Once Hannah reached age three, Early Intervention stopped and she entered preschool. We are so grateful our local preschool is very established for kids with special needs. She now receives all therapies at school. She rides the bus to and from school at our babysitter’s house. Life feels pretty “normal” now. 
Miggy: What are the biggest worries you face for Hannah? On the flip side, what are your hopes and dreams for Hannah?

Christine: My biggest worries for Hannah are simply societal acceptance and true, genuine friendships. I want her to have the same opportunities as her typical peers; sports, clubs, jobs, etc. My hopes and dreams for Hannah are that she finds those true, lasting friendships, and that she wants to/can live independently from us. Cincinnati has proven to be an amazing, supportive community for those with Down syndrome. There are SO many families here in the Ds community and I hope we all stay tight and our kids grow up together. It’s good to have a tribe who “get it” and you can lean on.

Miggy: Now for a lighter question, I’m a big believer in seeing the humor in life and learning to laugh, so have you ever had any funny conversations/moments you never imagined due to your special needs situations?

Christine: As daunting as a g-tube sounds--and it was at first--I can laugh now at it's benefits. Hannah had a tonsillectomy earlier this year and we had to administer endless pain medicine to her--if she still had a g-tube, we wouldn't have to fight so hard to get the meds in! Also, just recently I laughed at myself for taking advantage of Hannah's small stature. She easily passed as a 3-year-old and got on a hayride for free. It probably sounds terrible, but a lot of Ds Moms are able to see the advantage of a smaller child : ) 
Miggy: How can people best approach or respond to Hannah? Is there something you wish other people knew so as to avoid awkward or hurtful situations? 

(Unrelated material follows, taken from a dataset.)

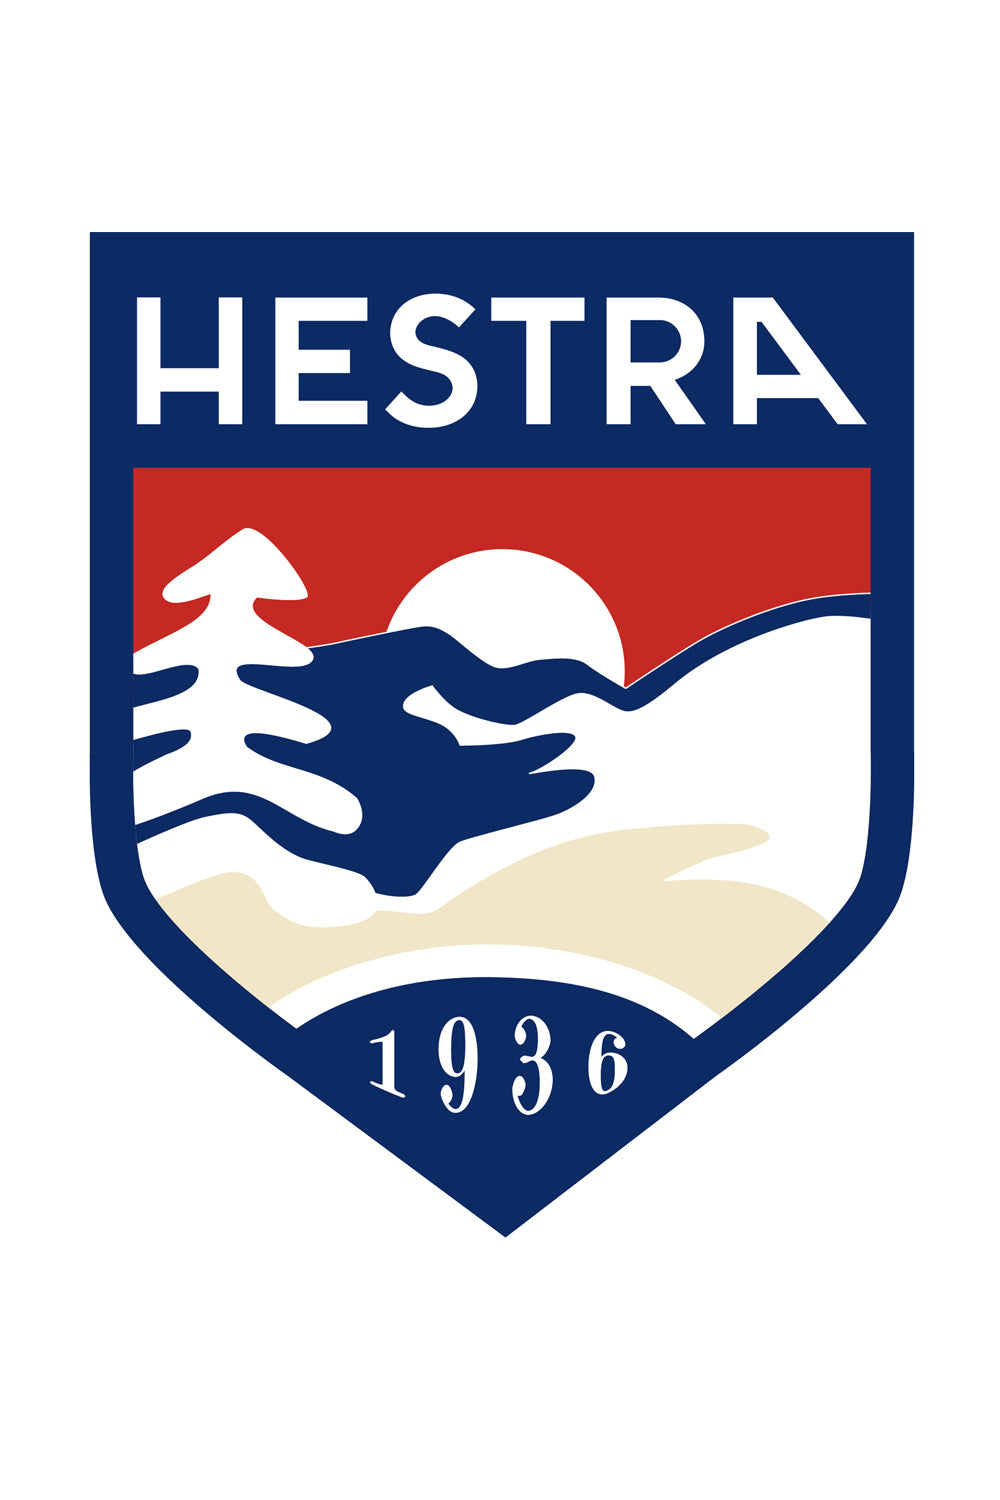 Hestra

Christine: Just treat her as you would any other four year old! She may not seem like she understands you, but she always surprises us. I think one question to always avoid is “Is he/she high functioning?” Down syndrome isn’t a spectrum. Every person has his/her own strengths and weaknesses. The attributes of Down syndrome can be more or less apparent in each individual. Another tip is to not use the term “Downs” - most families in North America feel that is slang. Use person-first language; “Hannah, who happens to have Down syndrome,...” Not, “Downs’ kids.” Our kids are individuals; their diagnosis does not define them.

Miggy: Are there some ideas you once had about having a child with special needs that have since changed now that you're actually a special needs mom?

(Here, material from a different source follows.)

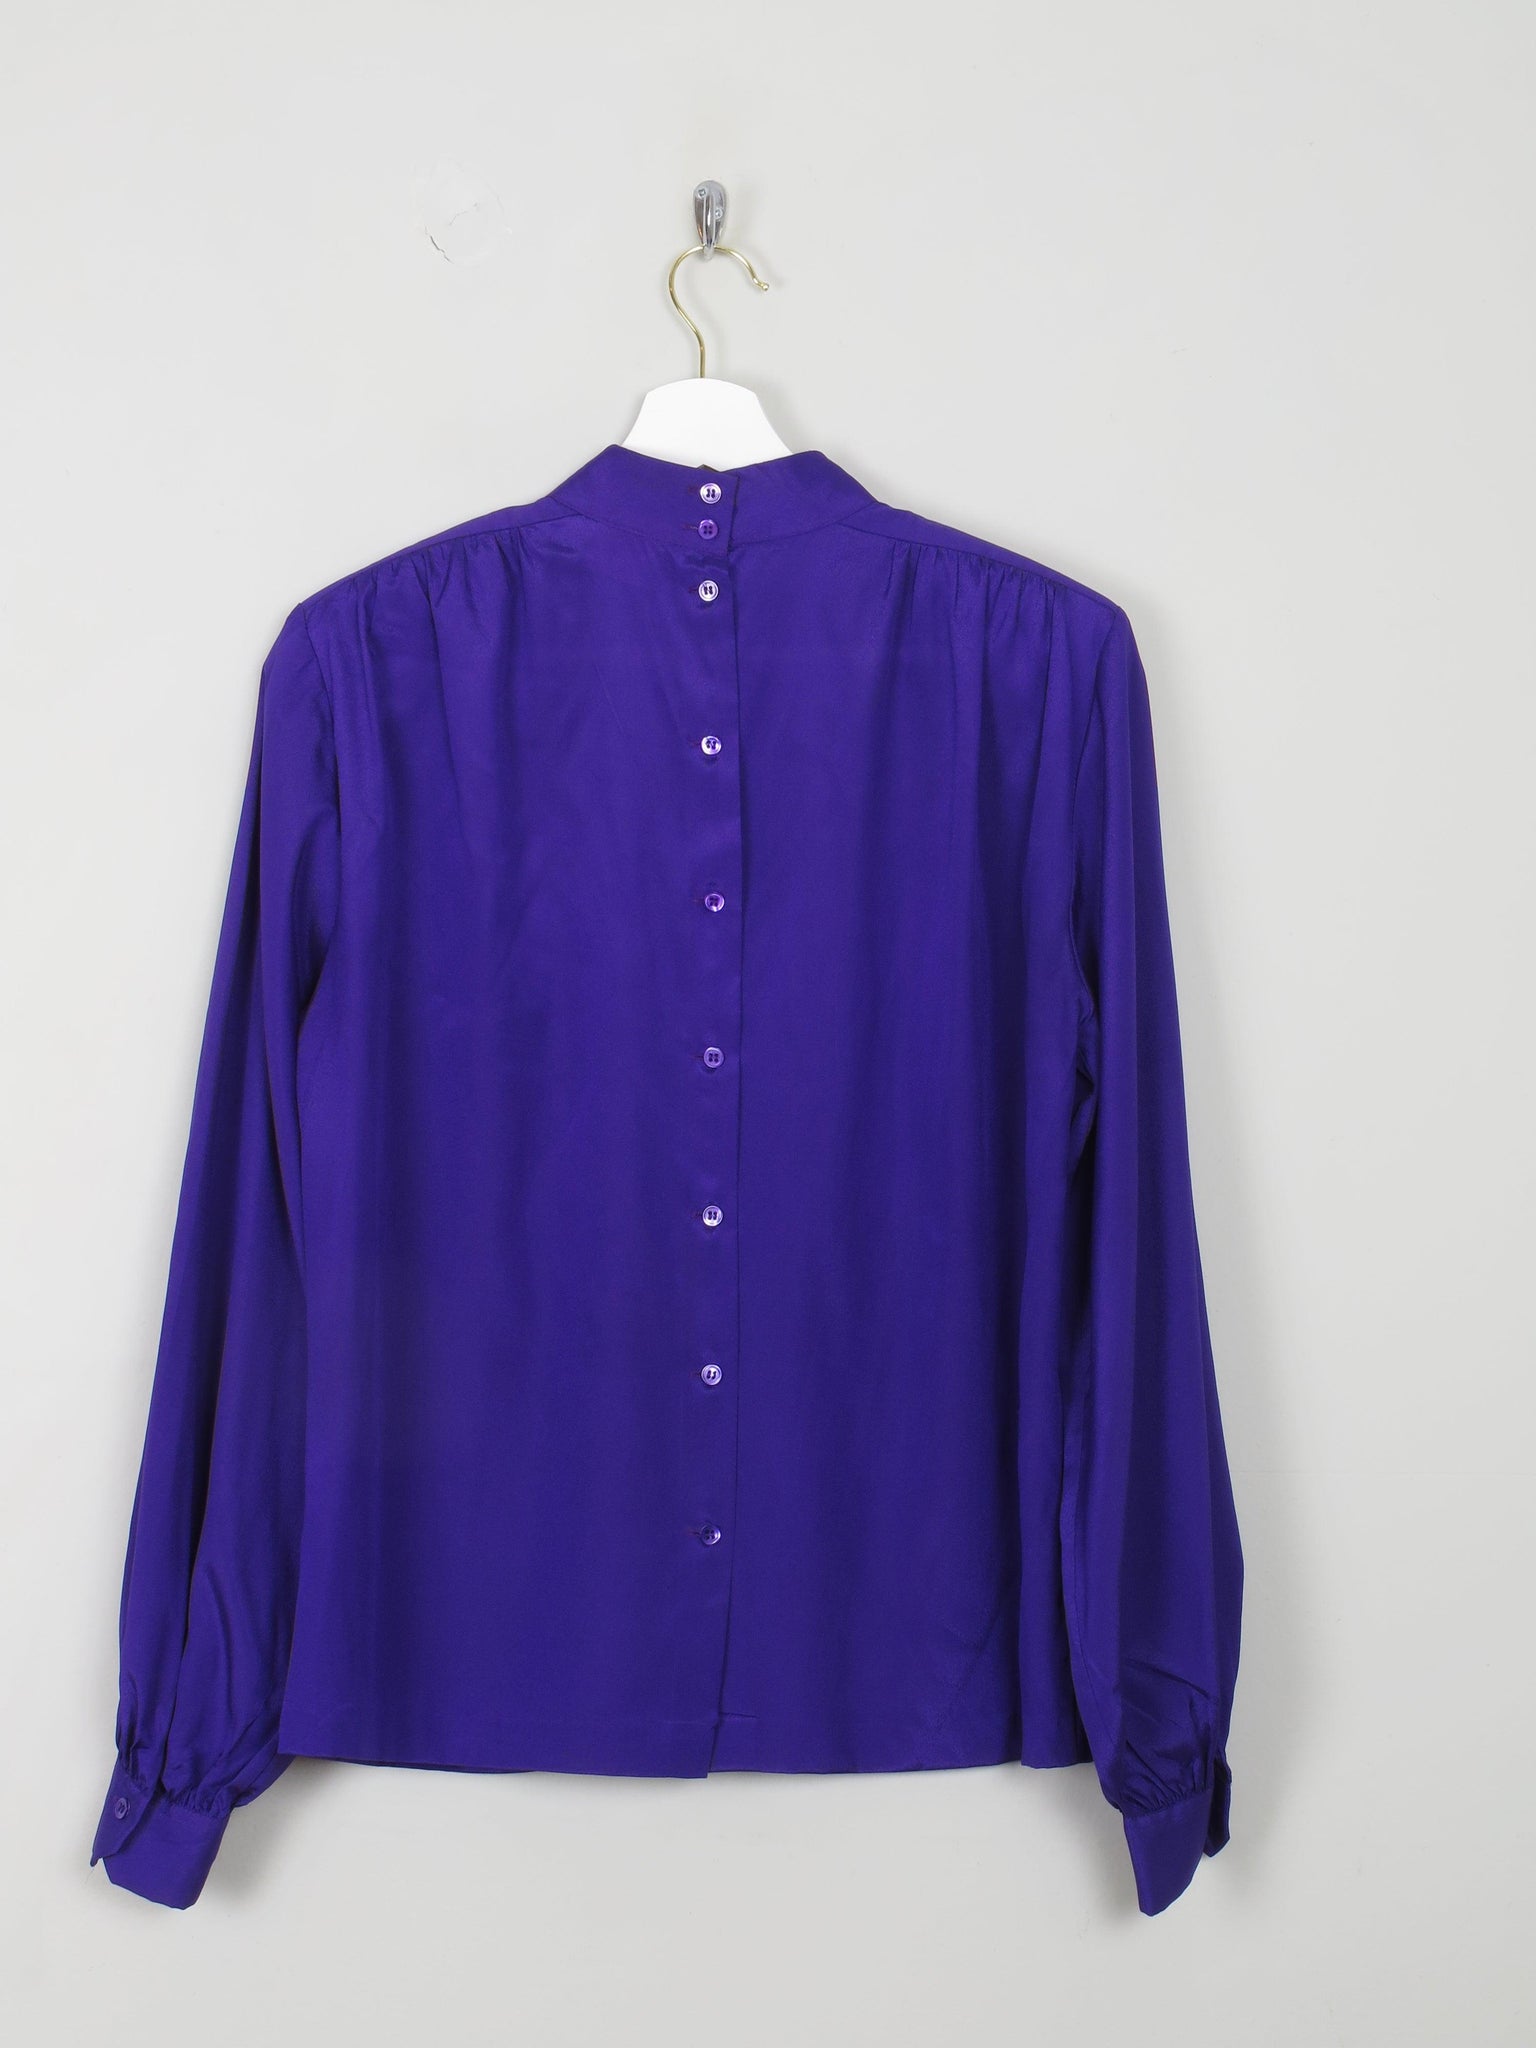 Vintage Purple Liz Claiborne Blouse High Neck S/M - The Harlequin

Christine: My initial thoughts were that we would cease seeing friends or enjoying life at all. Totally not true. We don't see friends because we're just a busy family with two school-aged kids (haha!). No, but we do everything any other family does. I think the only difference is looking out for my daughter’s best interest and becoming her cheerleader and advocate.
Miggy: What is the biggest lesson you’ve learned since becoming Hannah's mom?

Christine: PATIENCE, strength, acceptance and gratitude. Climbing over any diagnosis, dealing with multiple surgeries, and making sure your child is set up for success is hard and tiring. People constantly tell me “I don't know how you do it. I couldn't do what you're doing.” B.S. Yes you could--any parent will tighten their bootstraps for their child. You just forge ahead. You accept your child for who they are and you just naturally love them. There are difficult times, but the good is *really* good because your kids has to try three times harder. It's not the path any of us would have chosen, but darn it, it's a beautiful one.

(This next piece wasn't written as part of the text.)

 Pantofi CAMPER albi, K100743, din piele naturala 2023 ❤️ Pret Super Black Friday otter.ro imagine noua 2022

Christine, I had to laugh because yes! there have been many times I've missed Lamp's g-tube over the years. It was so easy to give her medicine and to keep her hydrated when she was sick! I remember thinking, "Geeze, every baby should come with a g-tube." This line struck me, "You accept your child for who they are and you just naturally love them." It can really be as simple as that. It is the same love we offer our typical children, our family and other loved ones. Thanks for the reminder Christine. And I hope one day we run into each other! In the meantime give your beautiful girls a squeeze from me.